Lire aussi  EAM Jaishankar représentera l'Inde à la cérémonie de prestation de serment du président iranien Raisi | Inde Nouvelles

“Shervin a mis toute la douleur d’une nation dans cette chanson”, a-t-elle déclaré.

Son amie, Shadi, a déclaré qu’elle écoutait la chanson en boucle et pleurait lorsqu’elle était seule à la maison et que sa fille de 8 ans était à l’école.

La semaine dernière, les médias officiels iraniens ont rapporté que Hajipour avait été libéré sous caution. Dans de récentes publications sur Instagram, il a remercié ses partisans pour leur gentillesse et a déclaré qu’il allait bien, leur demandant de ne pas s’inquiéter. Il a ajouté qu’il ne ferait aucune interview.

Le chanteur a écrit qu’il aimait l’Iran et qu’il voulait y rester “pour mon pays, mon drapeau et mon peuple” et continuer à chanter.

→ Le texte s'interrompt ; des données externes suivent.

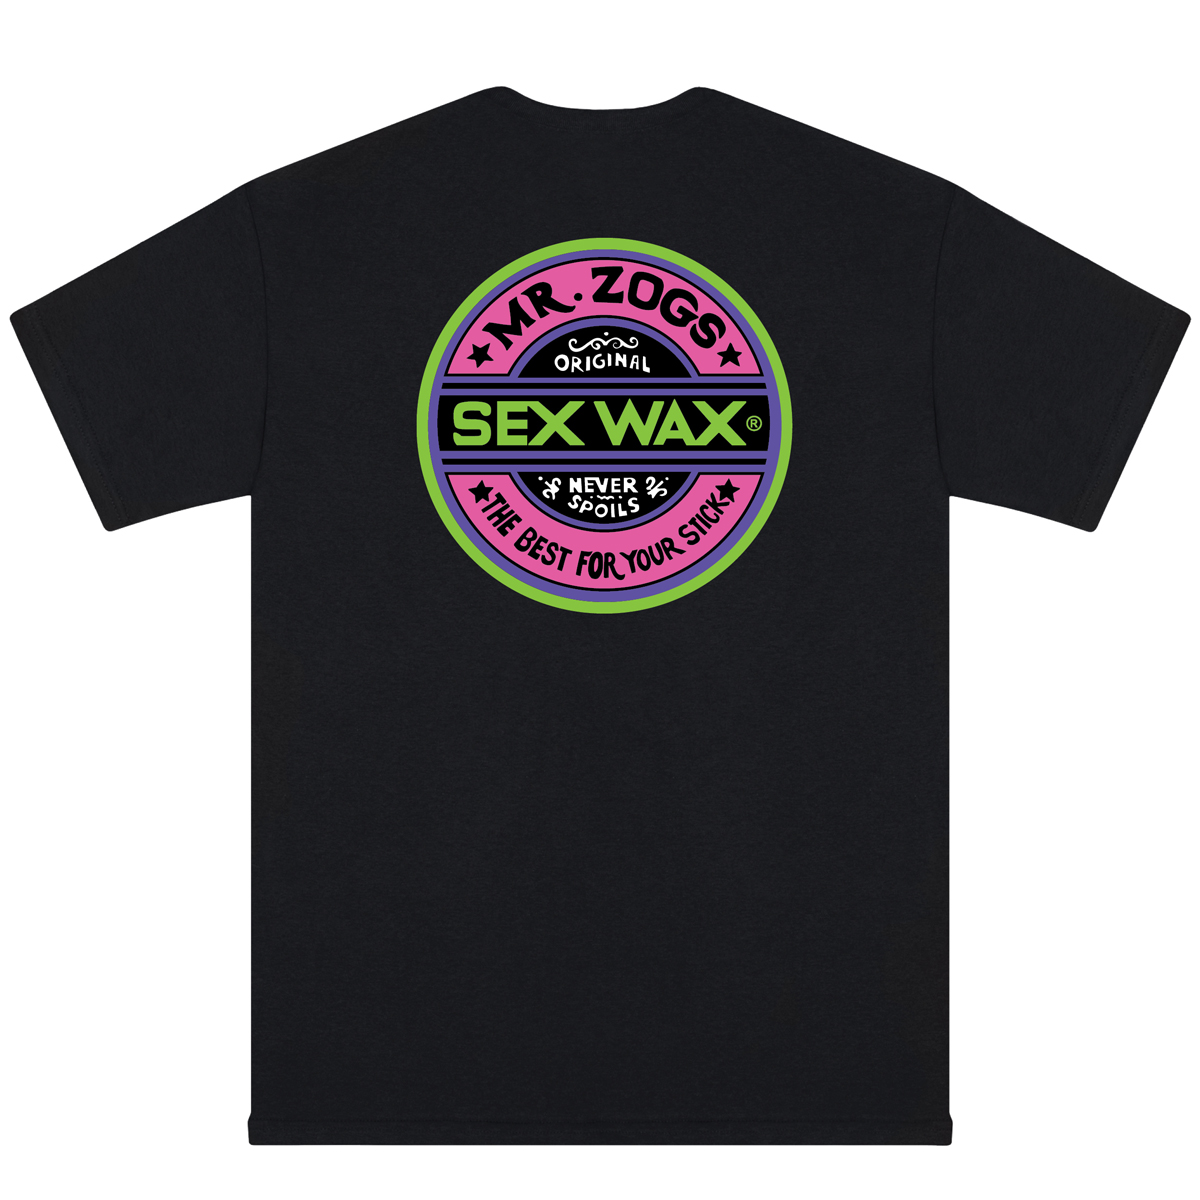 Mr. Zogs Sex Wax Tee

Mais dans une phrase qui a conduit les fans à spéculer sur le fait qu’il était contraint par les autorités iraniennes, Hajipour a également suggéré que sa chanson avait été cooptée et utilisée d’une manière qu’il n’avait jamais voulu : “Je suis attristé que ceux qui se trouvent en dehors des frontières de L’Iran, avec lequel je n’ai aucune relation, a abusé de ma chanson après sa sortie pour des raisons politiques.

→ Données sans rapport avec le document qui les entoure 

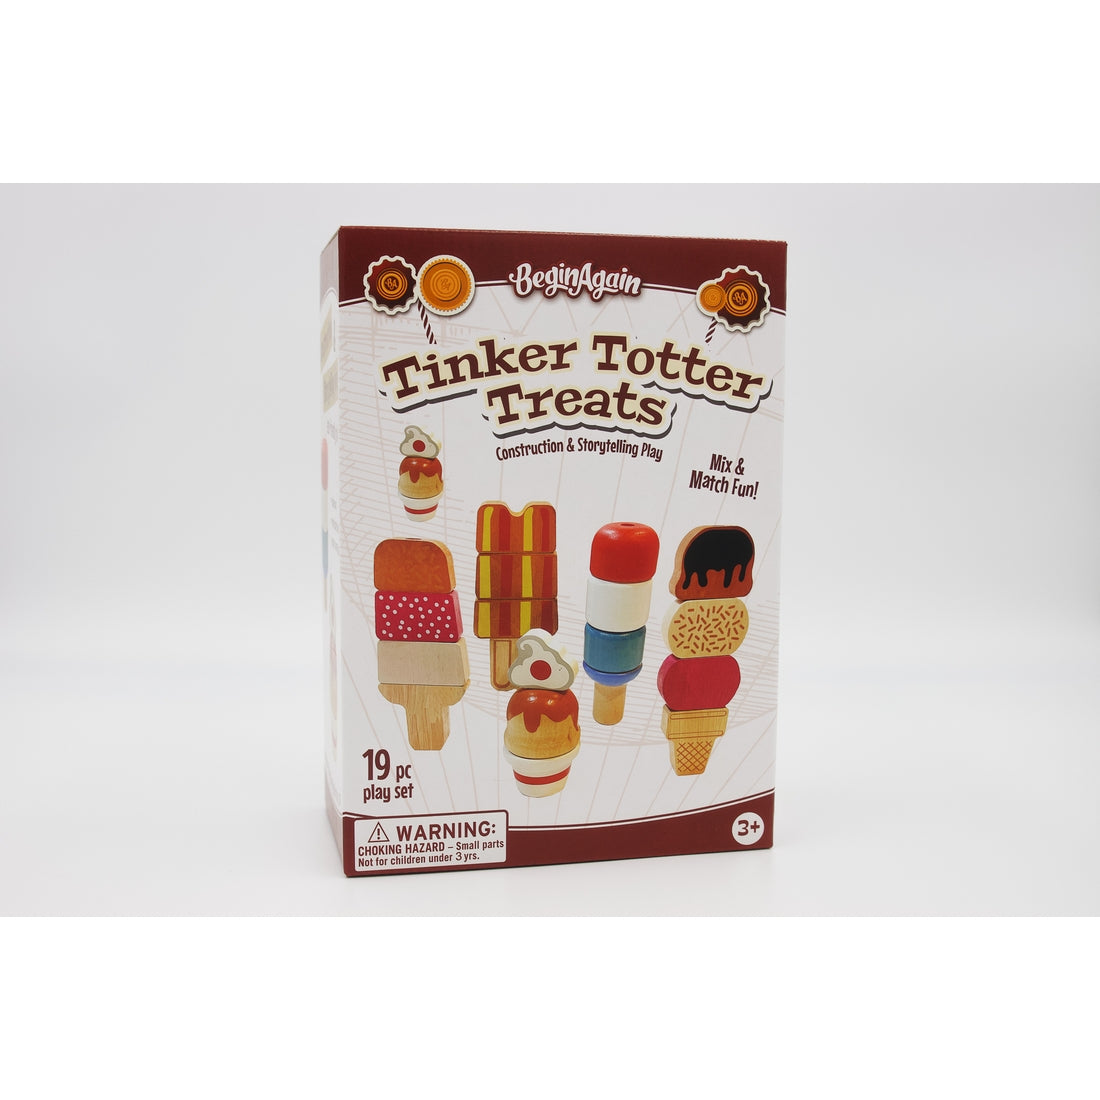 Tinker Totter Treats - 19 Piece Play Set

Cela ne semble pas avoir ralenti une campagne sur les réseaux sociaux pour sélectionner “Baraye” dans la nouvelle catégorie de prix spéciaux des Grammys, qui honore une chanson promouvant le changement social. Mardi, près de 100 000 personnes s’étaient rendues sur le site Web de la Recording Academy pour nommer l’hymne.

Pour le sentiment de paix
Pour le lever du soleil après de longues nuits sombres
Pour les pilules contre le stress et l’insomnie
Pour l’homme, la patrie, la prospérité
Pour la fille qui souhaitait être née garçon
Pour la femme, la vie, la liberté

Le correspondant spécial Khazani a rapporté de Téhéran et l’écrivain du Times Parvini de Los Angeles.

Leave a Reply

Your email address will not be published. Required fields are marked *

This site uses Akismet to reduce spam. Learn how your comment data is processed.